Adding Language Support via Config (No Code Required)

lang-check supports two no-code ways to recognize additional file formats:

  • map a new extension onto an existing built-in language, or

  • define a Simplified Language Schema (SLS) in YAML for a format that does not have a built-in tree-sitter extractor.

This page focuses on the SLS workflow.

When to use an SLS schema

Use an SLS schema when:

  • the format is mostly line-oriented markup or config,

  • you can describe prose lines with regular expressions,

  • code blocks or metadata can be skipped with simple line or block rules, and

  • you do not want to write Rust or add a tree-sitter grammar.

Common examples include AsciiDoc, TOML-with-comments, INI-like formats, and project-specific note formats.

Where schema files live

Create schema files in your workspace at:

.langcheck/schemas/

lang-check loads every .yaml and .yml file from that directory in both the CLI and the language-check server.

Example layout:

my-project/
  .languagecheck.yaml
  .langcheck/
    schemas/
      asciidoc.yaml
      toml-notes.yml

Schema file format

Each schema file is a YAML object with these fields:

  • name: a human-readable language ID for the schema.

  • extensions: file extensions handled by the schema, without leading dots.

  • prose_patterns: regex rules for lines that count as prose.

  • skip_patterns: regex rules for lines that should be ignored.

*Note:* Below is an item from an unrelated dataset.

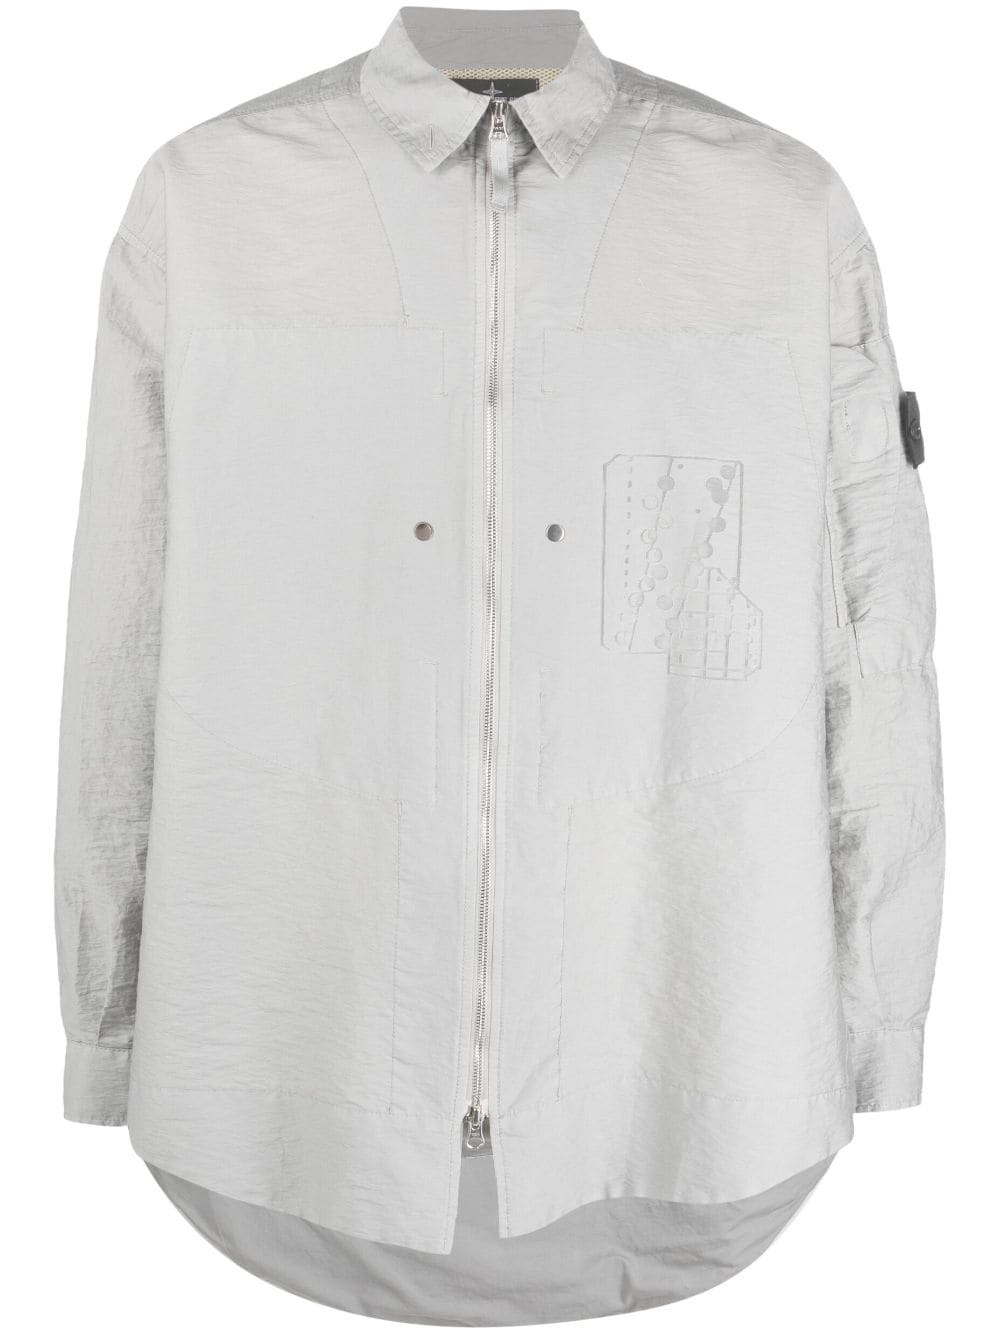 Compass-patch shirt jacket - 1
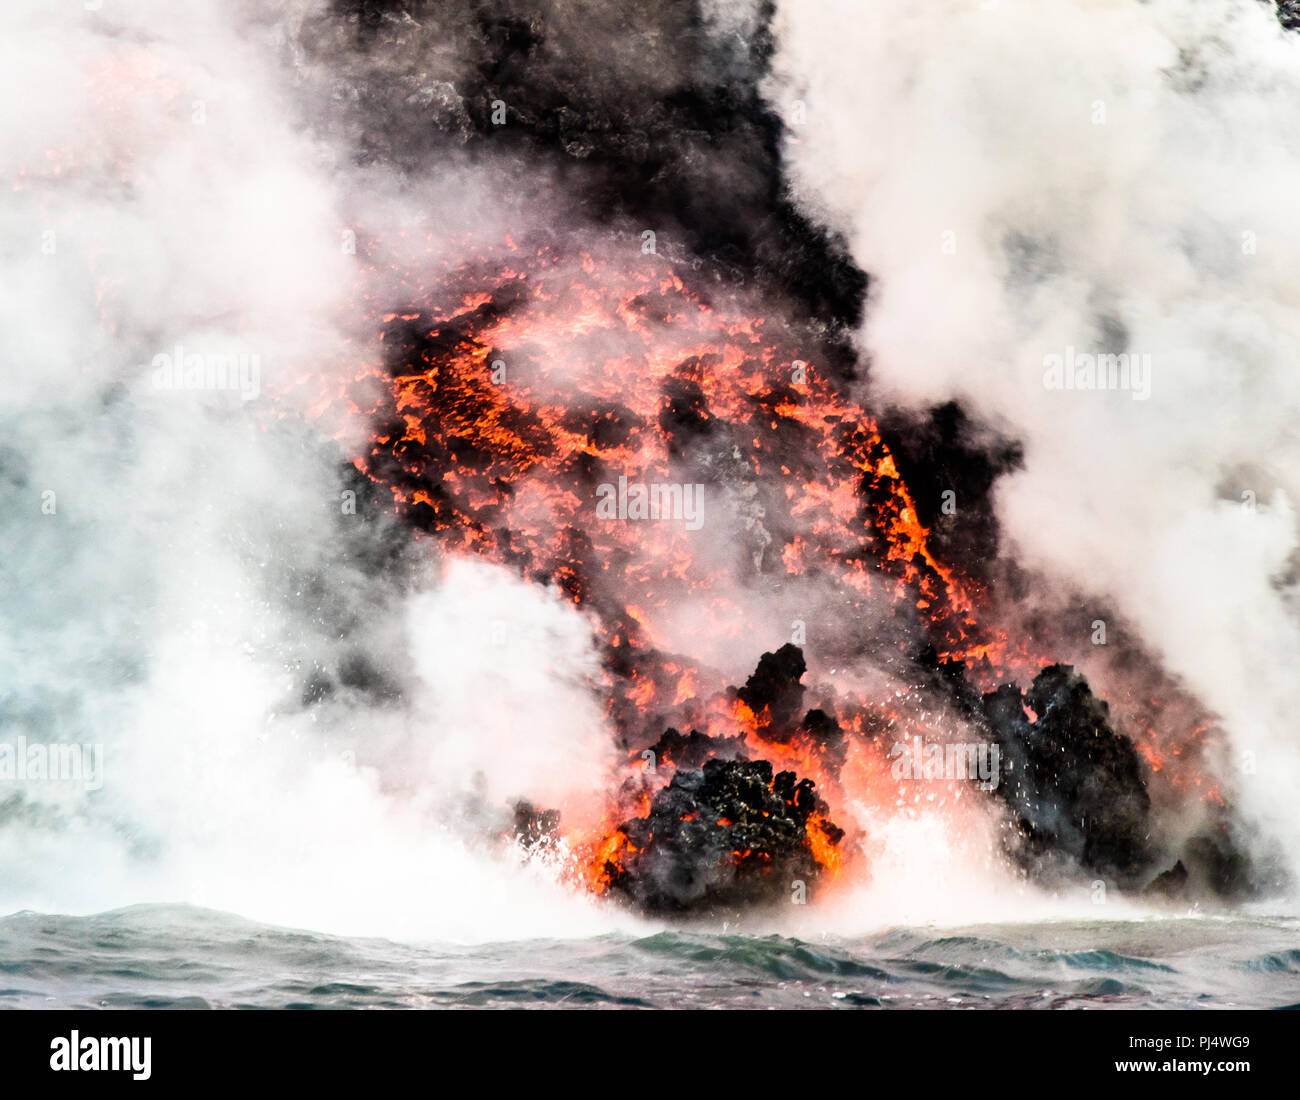 La lave s'écoulant dans océan, près de Punta Moreno de l'éruption de juillet 2018 sur l'île Isabela Cerra Negra, Galapagos, Equateur Banque D'Images

  • skip_blocks: start/end regex pairs for multi-line blocks that should be ignored entirely.

Minimal shape:

name: my-format
extensions:
  - myfmt
prose_patterns:
  - pattern: "..."
skip_patterns:
  - pattern: "..."
skip_blocks:
  - start: "..."
    end: "..."

prose_patterns

prose_patterns is a list of line-level regexes. A non-empty line is treated as prose only if it matches at least one pattern.

If you leave prose_patterns empty, every non-empty line is treated as prose unless it is excluded by skip_patterns or skip_blocks.

skip_patterns

skip_patterns is a list of line-level regexes. If a line matches any of them, that line is excluded from checking.

Use this for:

  • headings,

  • directive lines,

  • comments,

  • key/value assignments,

  • delimiter lines.

skip_blocks

skip_blocks defines multi-line regions to exclude. Each entry has:

  • start: regex for the opening line,

  • end: regex for the closing line.

Once a start line matches, lang-check skips that line, everything inside the block, and the closing delimiter line.

Use this for:

  • fenced code blocks,

  • literal blocks,

  • embedded scripts,

  • heredoc-style regions.

Worked Example: AsciiDoc

This schema treats normal text as prose, skips headings, and ignores fenced listing blocks delimited by ----.

Create .langcheck/schemas/asciidoc.yaml in your workspace with:

name: asciidoc
extensions:
  - adoc
  - asciidoc
prose_patterns: []
skip_patterns:
  - pattern: "^=+\\s"
skip_blocks:
  - start: "^----\\s*$"
    end: "^----\\s*$"

Sample file:

= Document Title

This is an test.

----
This is an test in code.
----

With the schema above:

  • the heading line is skipped by skip_patterns,

  • the fenced block is skipped by skip_blocks,

  • This is an test. is treated as prose and checked.

Verify it with:

language-check check path/to/file.adoc

Worked Example: TOML Notes

For a TOML-like file where only free-form comment lines should be checked:

name: toml-notes
extensions:
  - toml
prose_patterns: []
skip_patterns:
  - pattern: "^\\s*\\["
  - pattern: "^\\s*\\w+\\s*="
skip_blocks: []

This will ignore tables and assignments while still checking plain text lines that do not match those patterns.

Built-in languages still win

SLS schemas are a fallback only. If a file extension already has a built-in tree-sitter extractor, lang-check keeps using the built-in extractor for that extension.

That means:

  • a custom .rst schema will not replace the built-in reStructuredText extractor,

  • a custom .md schema will not replace Markdown,

  • schemas are primarily for new extensions that do not already have first-class support.

When to use extension aliases instead

If the new format is truly the same as an existing built-in format, a simple extension alias in .languagecheck.yaml is usually better:

languages:
  extensions:
    markdown:
      - mdx

That reuses the target language’s full tree-sitter extractor instead of the regex-based SLS fallback.

Limitations

  • SLS extraction is regex-based, not AST-aware.

  • Matching is line-oriented; nested syntax is not understood.

  • Block skipping depends entirely on your start/end patterns.

  • If a format needs structural parsing, use the plugin workflow instead.

For a dedicated tree-sitter-based language integration, see guide-plugin-language.md.